States are required to test all students and use their scores to determine how the school systems are doing, which can affect funding. Some states use the data for a "ratings" system. A few are using it as a part of teacher evaluations. In the classroom, schools generally share the data with teachers who use it to guide curriculum decisions and measure individual students.
True-ish, true (particularly with air quotes around "ratings"), true-ish, and false. We can call it etra false because it's not possible to effectively do all of those things with a single test. Tests are designed for a particular purpose. Trying to use them for other purposes just produces junk data.
How Will Incomplete Scores Affect the Classroom?
Ho has a wry and understated answer to this question: "Direct impacts on the classroom are likely to be minimal." I think that's a safe prediction from an instructional standpoint, though she rather blithely slides past "most states aren't using it for teacher evaluations yet," which strikes me as rather blandly vague, considering we're talking about the use of junk data to decide individual teachers' fates.
Still it's true that, since the test data never provided anything useful for classroom, having less of a useless thing doesn't really interfere with anyone's teaching. And if there's a teacher out there saying, "But how shall I design my instruction without a full Big Standardized Test Data profile of my students," that teacher needs to get out of the profession.
Ho might also have addressed the issue that in most states the data, incomplete or otherwise, doesn't arrive before the start of the school year, anyway.
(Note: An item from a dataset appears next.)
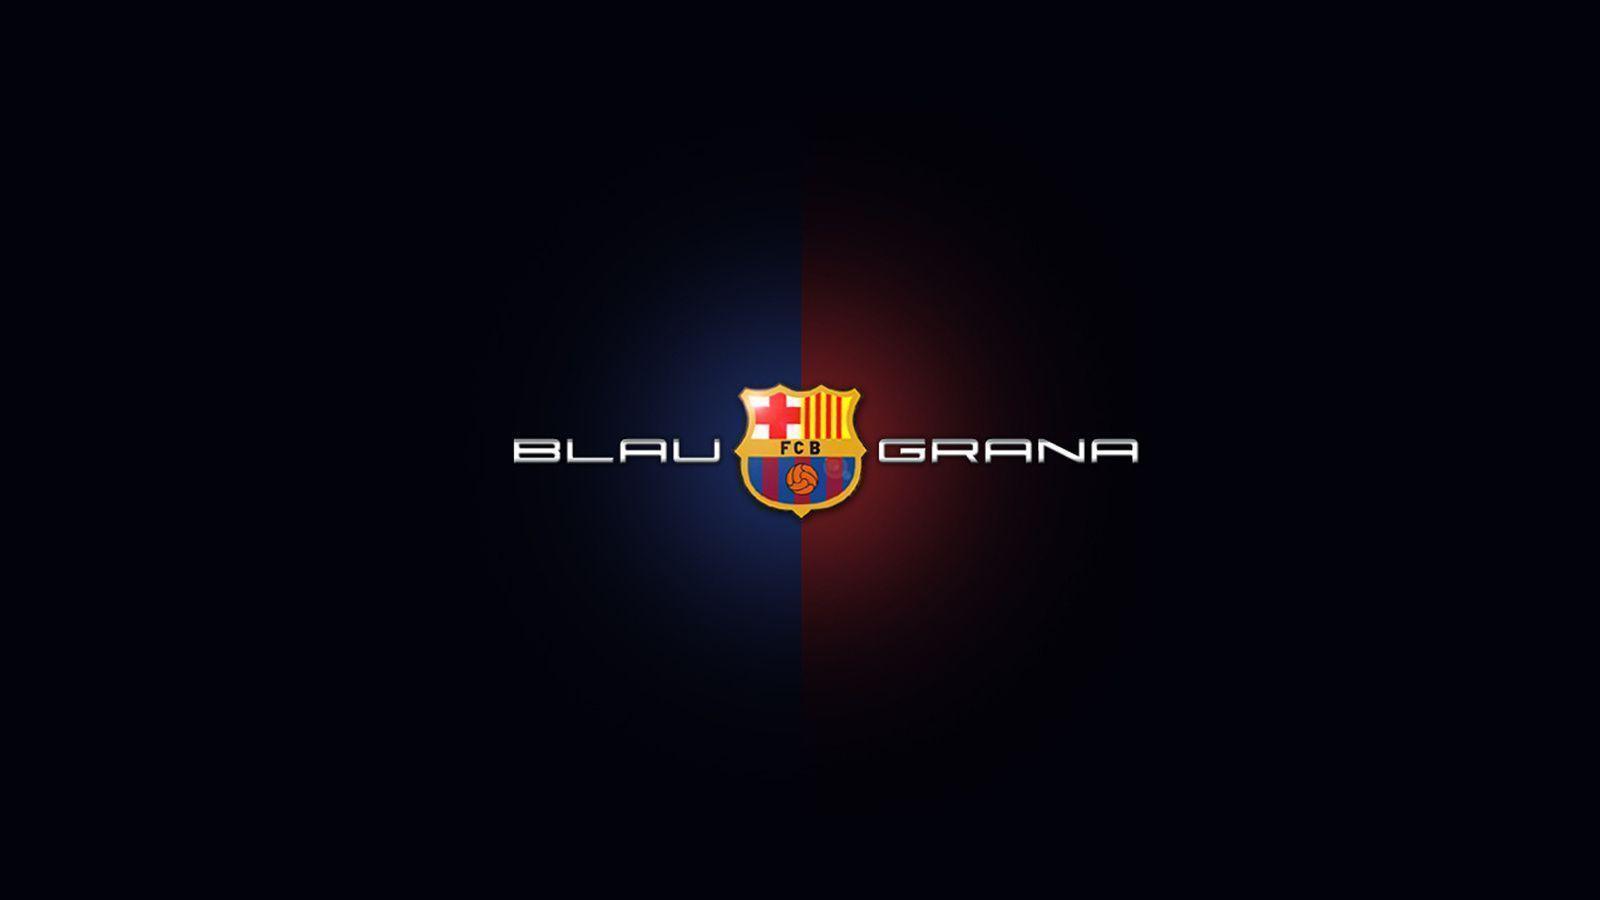 Barcelona Logo Wallpaper Background | Download High Quality ...

She also claims that everyone says that test scores don't make the final call on grade promotion, which will come as news to all those states that have a Third Grade Reading Test Retention policy.
Oh No She Didn't
Ho answers the question of "Why even bother to test" with the hoariest of chestnuts, the Bathroom Scale Analogy-- "a school district trying to tackle chronic problems without standardize test scores can be like trying to diet without a scale." It is a dumb analogy. I have ranted about this before, so let me just quote me on this:
The bathroom scale image is brave, given the number of times folks in the resistance have pointed out that you do not change the weight of a pig by repeatedly measuring it. But I am wondering now-- why do I have to have scales or a mirror to lose weight? Will the weight loss occur if it is not caught in data? If a tree's weight falls in the forest but nobody measures it, does it shake a pound?
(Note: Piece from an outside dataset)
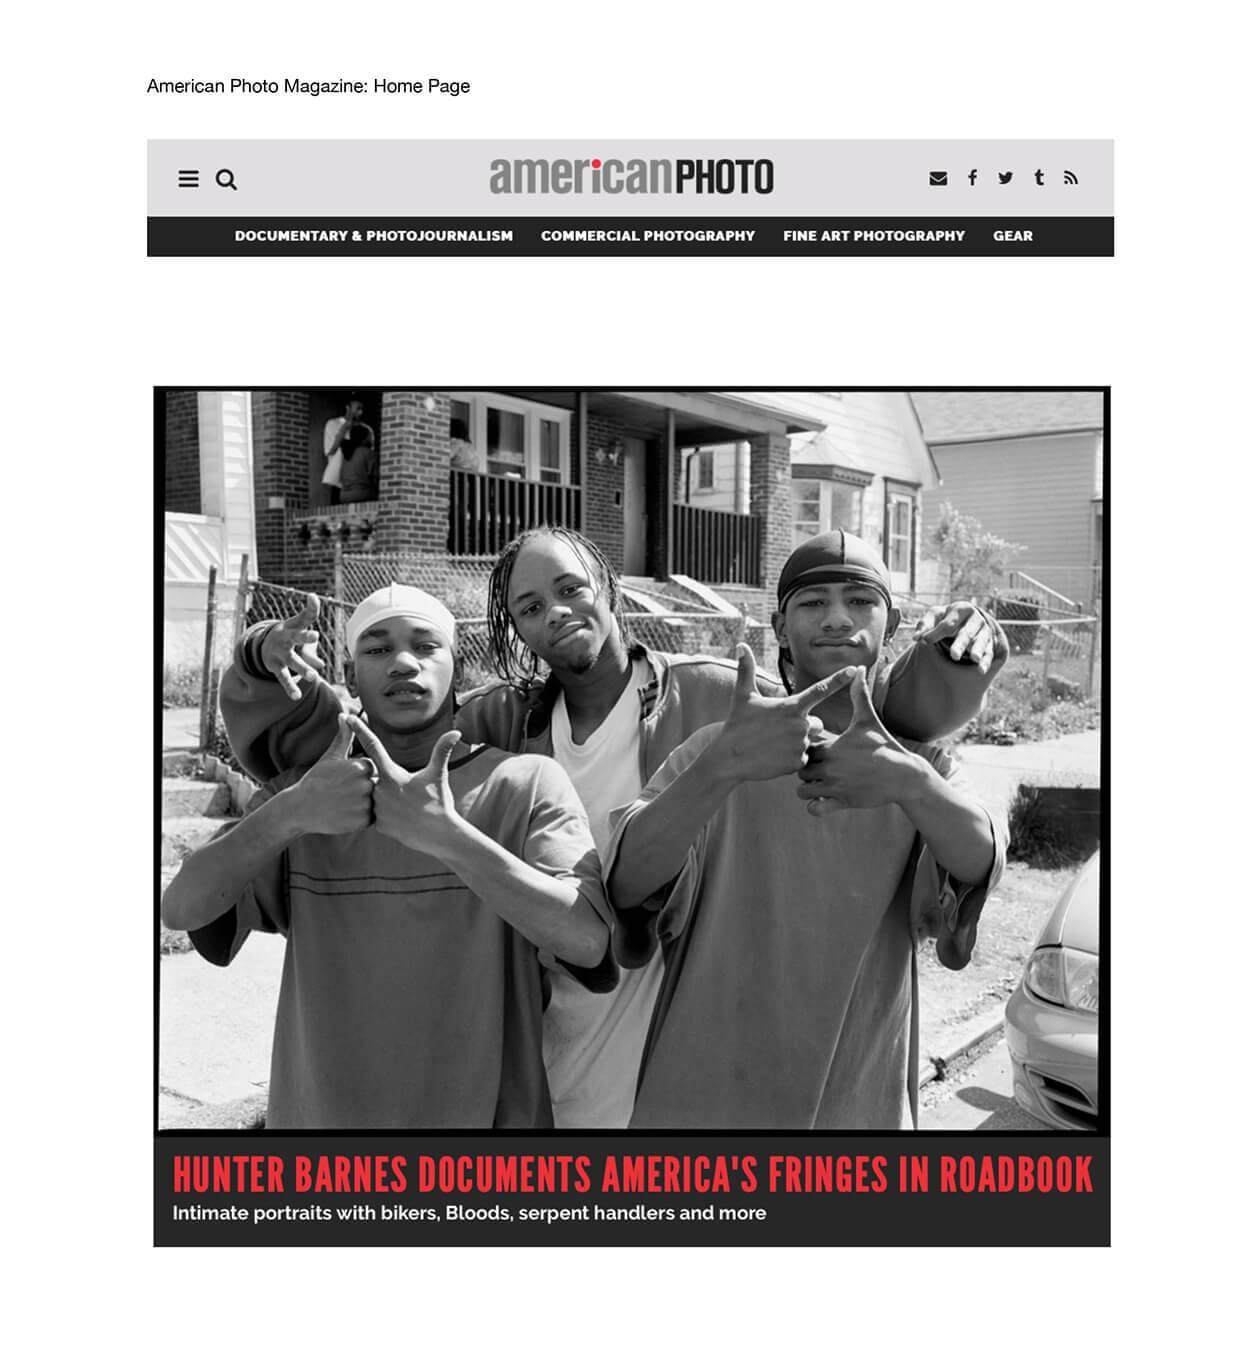 Hunter Barnes documents America's fringe communities in Roadbook - American Photo - Page 1

This could be an interesting new application of quantum physics, or it could be another inadvertent revelation about reformster (and economist) biases. Because I do not need a bathroom scale to lose weight. I don't even need a bathroom scale to know I'm losing weight-- I can see the difference in how my clothes fit, I can feel the easier step, the increase in energy. I only need a bathroom scale if I don't trust my own senses, or because I have somehow been required to prove to someone else that I have lost weight. Or if I believe that things are only real when Important People measure them.
Ho tries to hedge her bets by going on to say that of course you need other data, but the basic analogy is still just bad.
What's Next?
Studies looking at the validity of scores that states do have, which is kind of hilarious given that most of the BS Tests have never been proven valid in the first place.* So I guess states will try to find out if their partial unvalidated junk is as valid as a full truckload of unvalidated junk. That is almost as wacky as the next line:
For the next testing cycle, states say they don't expect problems.
Ho might want to check the files and see if the states expected problems this last time. You know, the time with all the unexpected problems. But Nevada has a new test manufacturer, Montana has no Plan B, and New York is leaning on parents. So everything should be awesome soon. And anyway, there's plenty of year left before it's time for the next puff piece on Common Core testing. Can I please request that AP reporters use that time to do some reading?
*I originally wrote that they have never been studied for validity; that's not true. Studies are out there. I and others remain unconvinced by them.